Nature took away Gen Ziaul Haq and his companions on 17 August 1988 in a mysterious C-130 crash, near Empress Bridge Bahawalpur. It is widely suspected that foreign agencies had a definite hand in the crash of safest aircraft in the world. But for the fatal air crash, he would have continued to remain in power for some more time since he faced no political threat. Still, he had the longest inning of eleven years. He was buried at a picturesque sight near Faisal mosque Islamabad and tens of thousands of his fans both from Pakistan and Afghanistan attended his funeral. They mourned his death and considered it a great loss for Muslim world. Musharraf wished for beating Zia’s record and would have broken it had he been allowed to complete his five-year tenure finishing in November 2012.

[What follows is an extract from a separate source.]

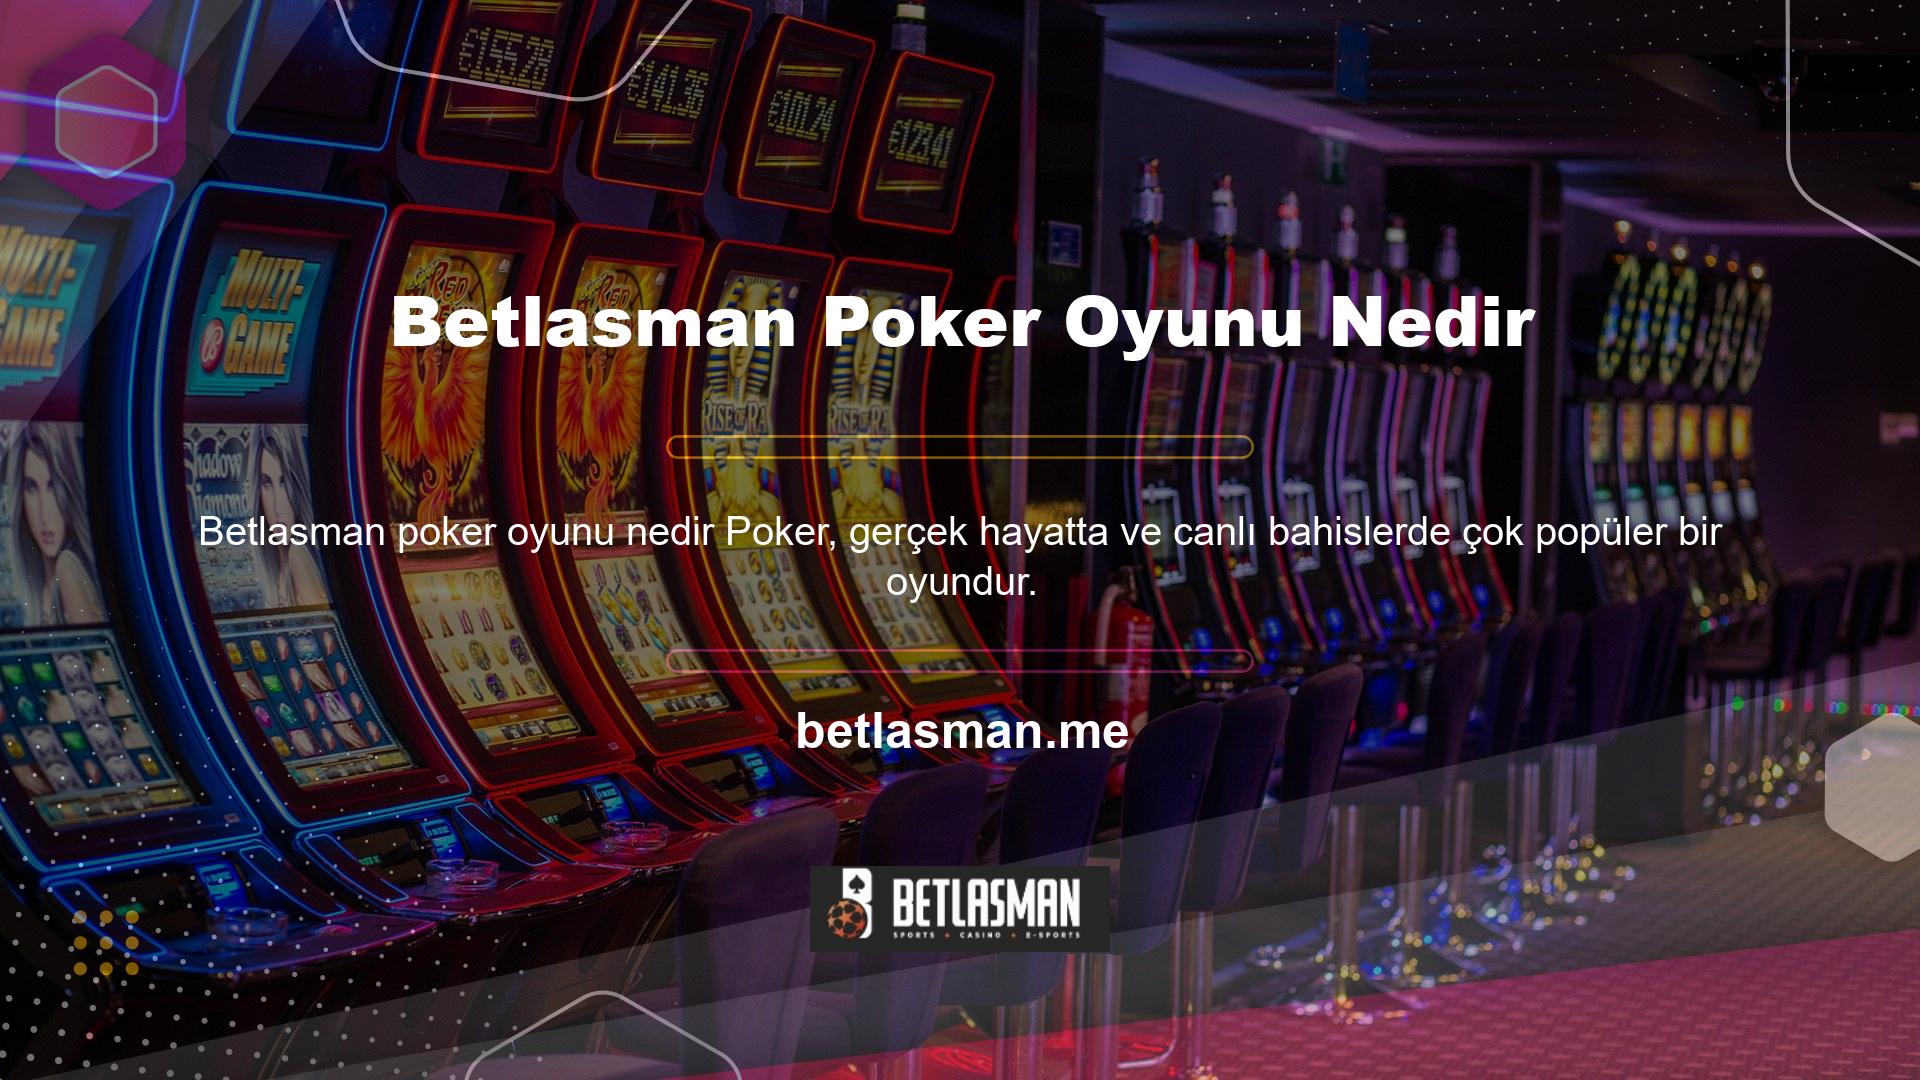 Bahisçilerin Betlasman favori poker oyunu, güvenilirliği ve karlılığıyla da etkiliyor

The army was demonised by our adversaries during Yahya and Musharraf tenures. The army was used by Yahya against the rebellious Bengalis led by Mujibur Rehman on 25 March 1971, to quell an Indian sponsored rebellion. Under a well orchestrated propaganda campaign the Indo-western-Jewish media painted the army as human eaters and rapists to defame it and facilitate Indian sinister plan to dismember Pakistan. Half of battle was won on the psychological plane before the military instrument was applied. Yahya had used the army to save Pakistan from splintering and had maintained an aggressive posture against Indian machinations. Once again the same band complemented by US media has brought the army in its firing line.

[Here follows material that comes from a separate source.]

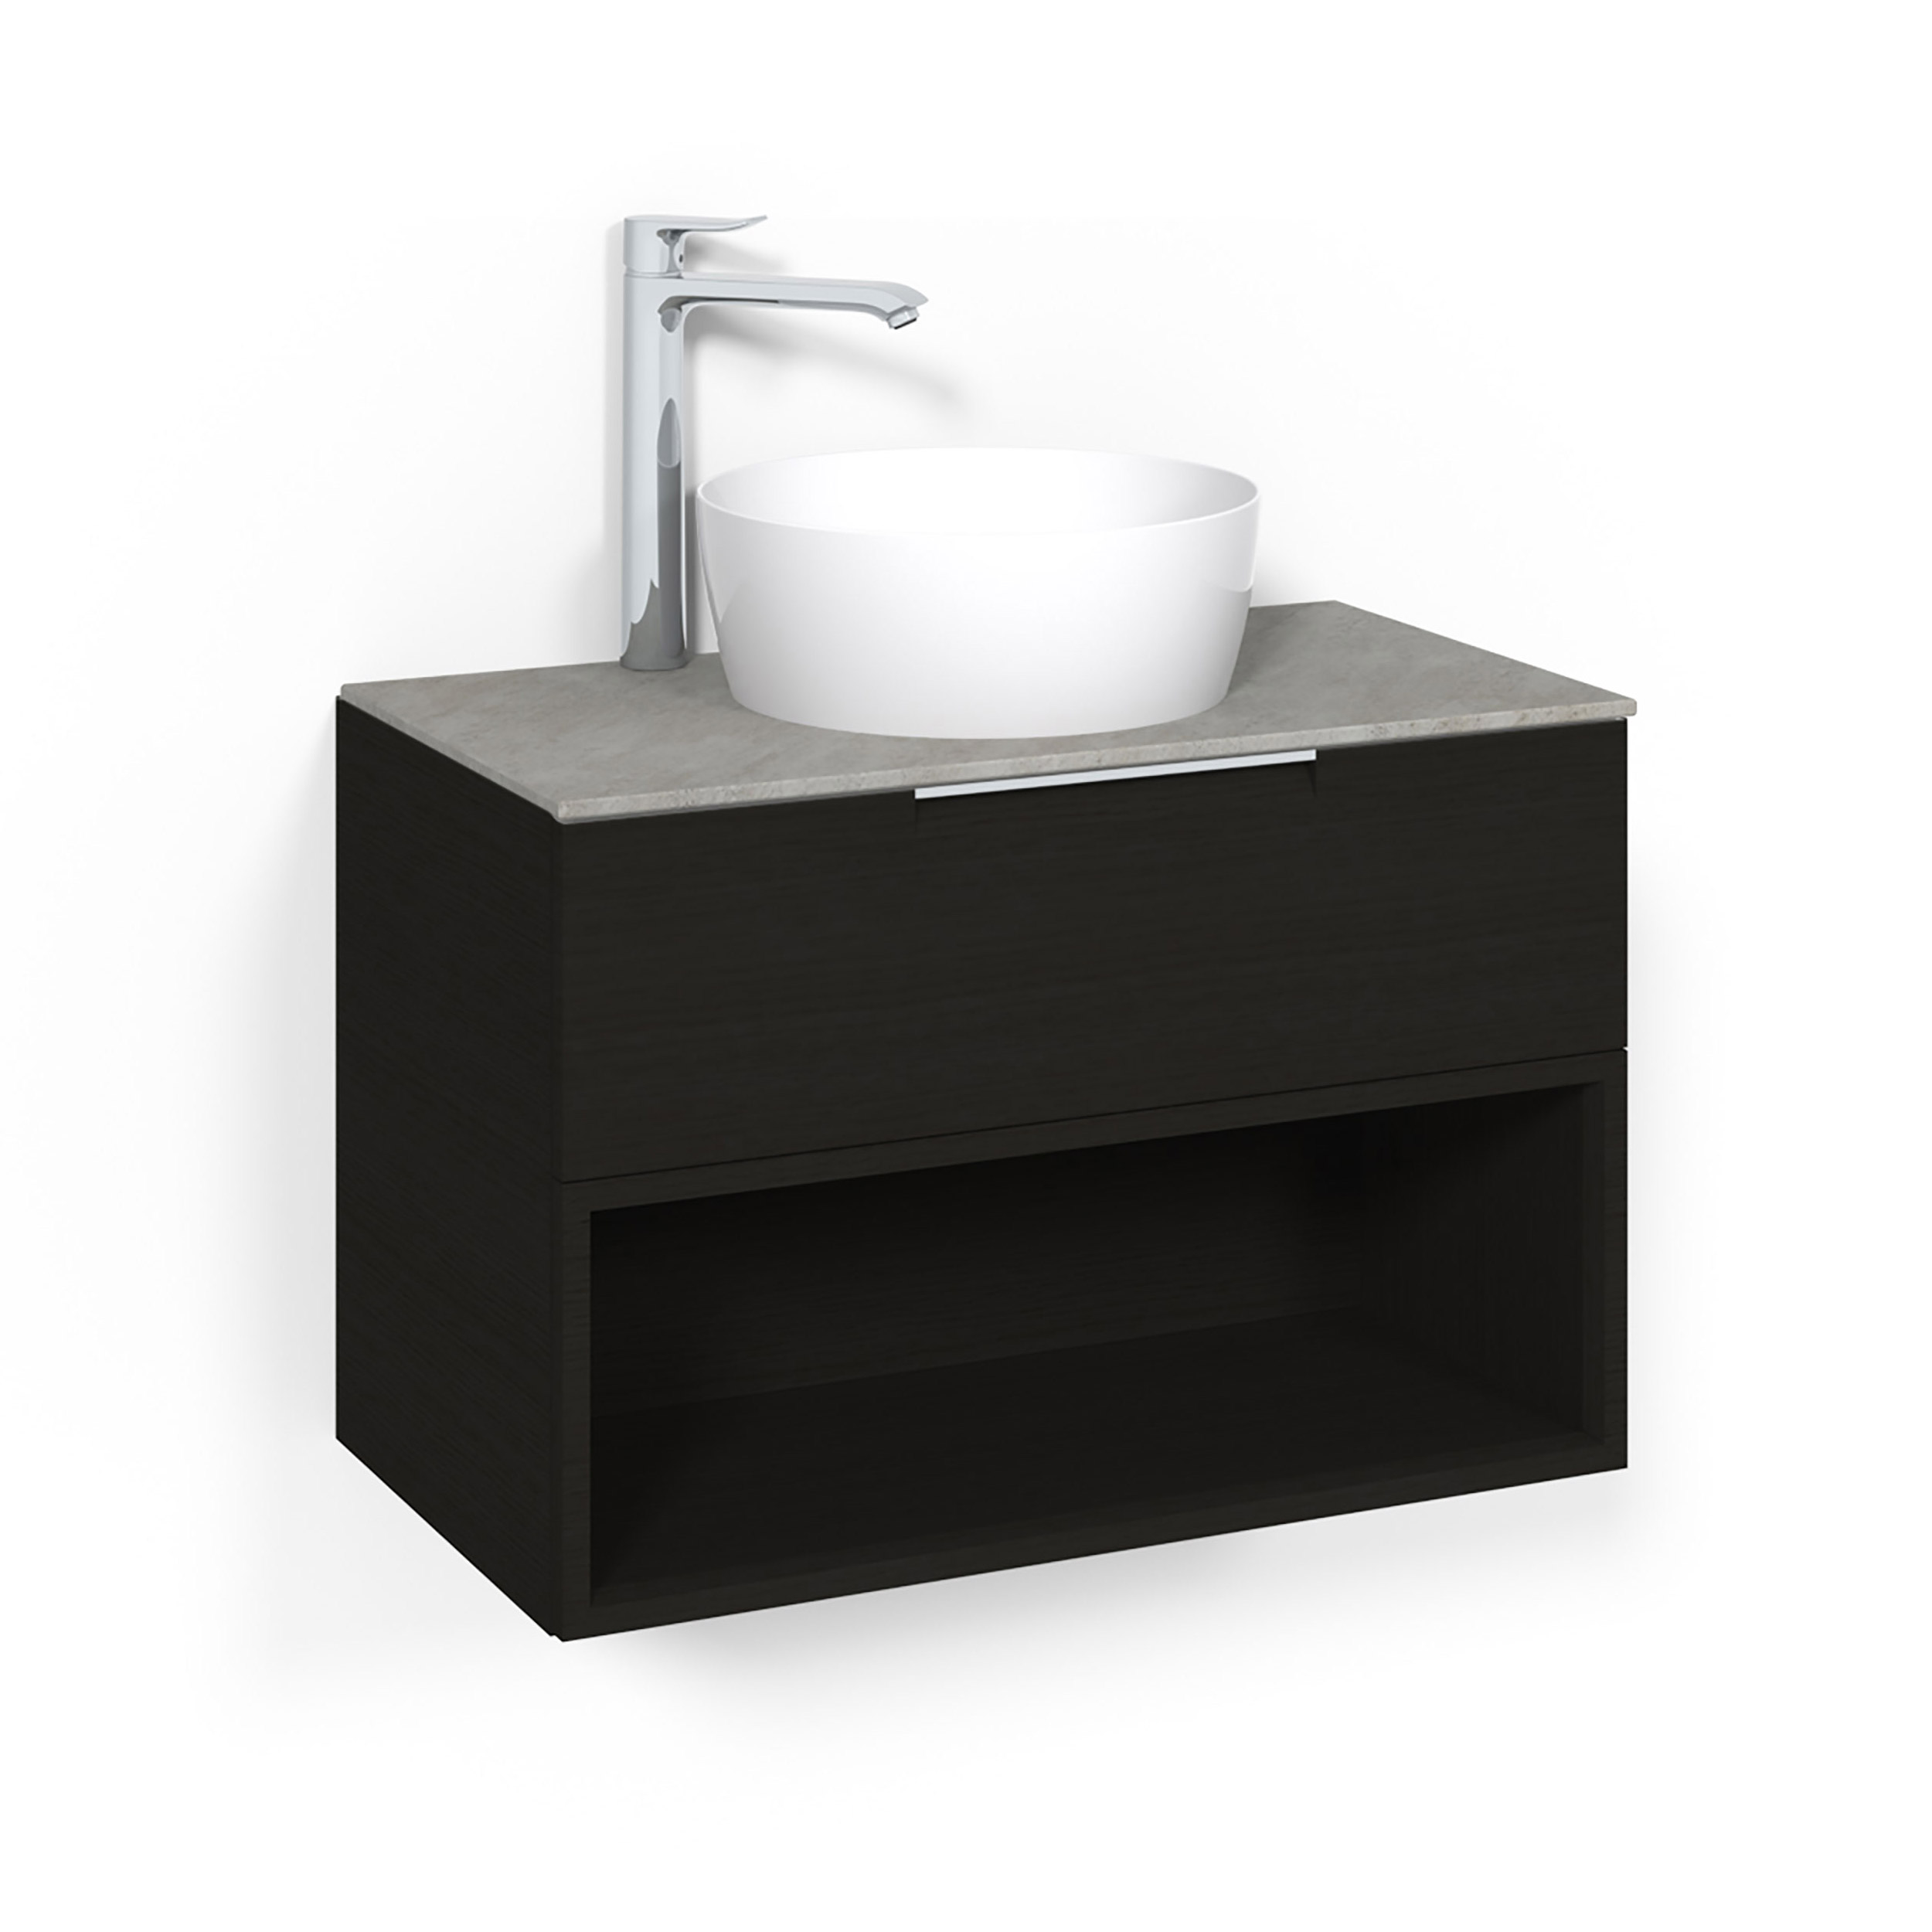 Tvättställsskåp Macro Design Crown Open Box Ovanpåliggande Tvättställ

This time, Musharraf helped our adversaries in their evil designs by pushing the army into the cauldron of FATA at the behest of USA and making it fight against patriotic tribals who have a rich history of defending the western border against foreign threats. Gen Ziaul Haq had used them to keep the Afghan war beyond the Durand Line without any assistance from the army. While Zia too had made lot many enemies inside and outside the country, (RAW, KHAD, KGB, Al-Zulfiqar, PPP and later on CIA), Musharraf earned the undying enmity of Al-Qaeda and religious groups. He survived seven attempts on his life and he is still being hounded by them. Since Al-Qaeda has attained a long arm that can reach almost every where in the world, other countries are reluctant to provide him shelter. His wish for leading a quiet retired life in his mansion in Chak Shehzad may not get fulfilled because of security fears.

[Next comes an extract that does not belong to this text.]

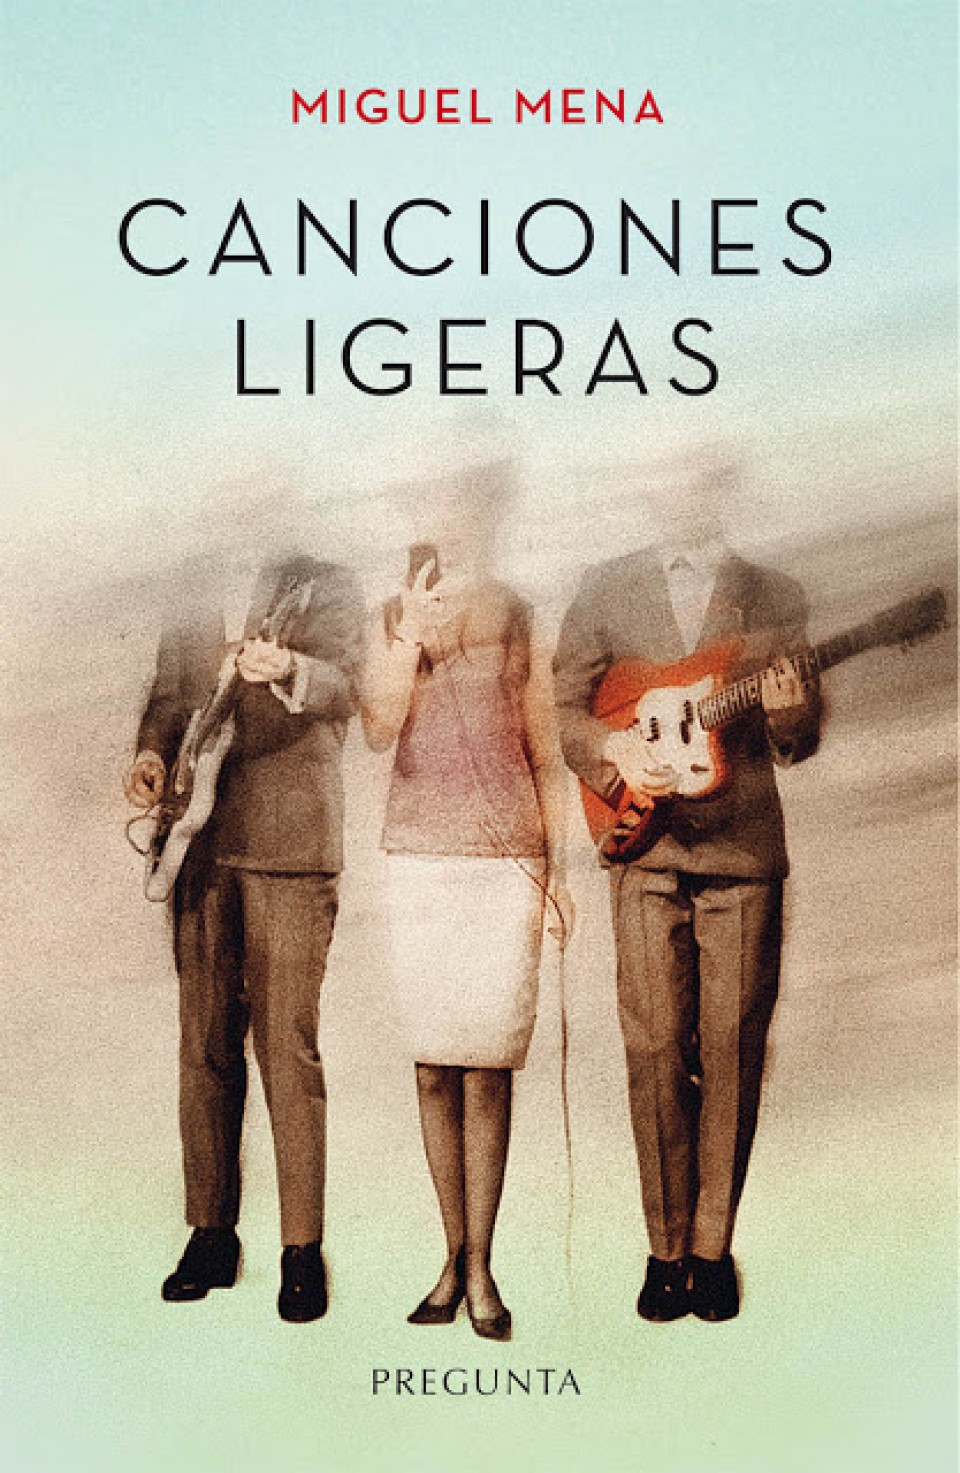 Imagen Portada 'Canciones ligeras'

Other than Musharraf, no other military leader became the blue-eyed of USA, UK, Israel and India. These countries have traditionally pursued anti-Pakistan policies and have all along tried to exploit our leaders to harm Pakistan. The way Musharraf went out of the way to promote US agenda and to appease India was much beyond their expectations. Except for Musharraf no other leader had dared to get closer with Israel. But for judicial crisis, he was well on his way to restore diplomatic relations with Tel Aviv. The four are the saddest on his departure and are looking forward to remain in touch with him once he settles down abroad. Having earned the repute of an American stooge and his insatiable greed to stick to power, he has faced more humiliation and disgrace than other three military rulers.

Having been left high and dry by even by his closest friends, Musharraf suffering from megalomania has been consigned to dustbin of history. His era has finally come to an abrupt end and once he leaves, there will be no farewells and no tears shed. Whatever days he spends in Pakistan would be fraught with tension and danger. The lawyers and deposed judges in particular as well as all those who have suffered a great deal at his hands have breathed a sigh of relief. The lawyers must be feeling happy that their one and half year struggle has ultimately been crowned with success and they are hoping that the brave and upright judges would be restored promptly and honoured. Nawaz must be brimming with joy for having avenged his humiliation. Now that the chief obstacle has been put aside, the political leadership will have no more excuses to lump failures in Musharraf’s kitty. It should quickly brace itself to the challenges confronting the nation.

Asif Haroon Raja is a retired Brig based in Rawalpindi and a defence and political analyst.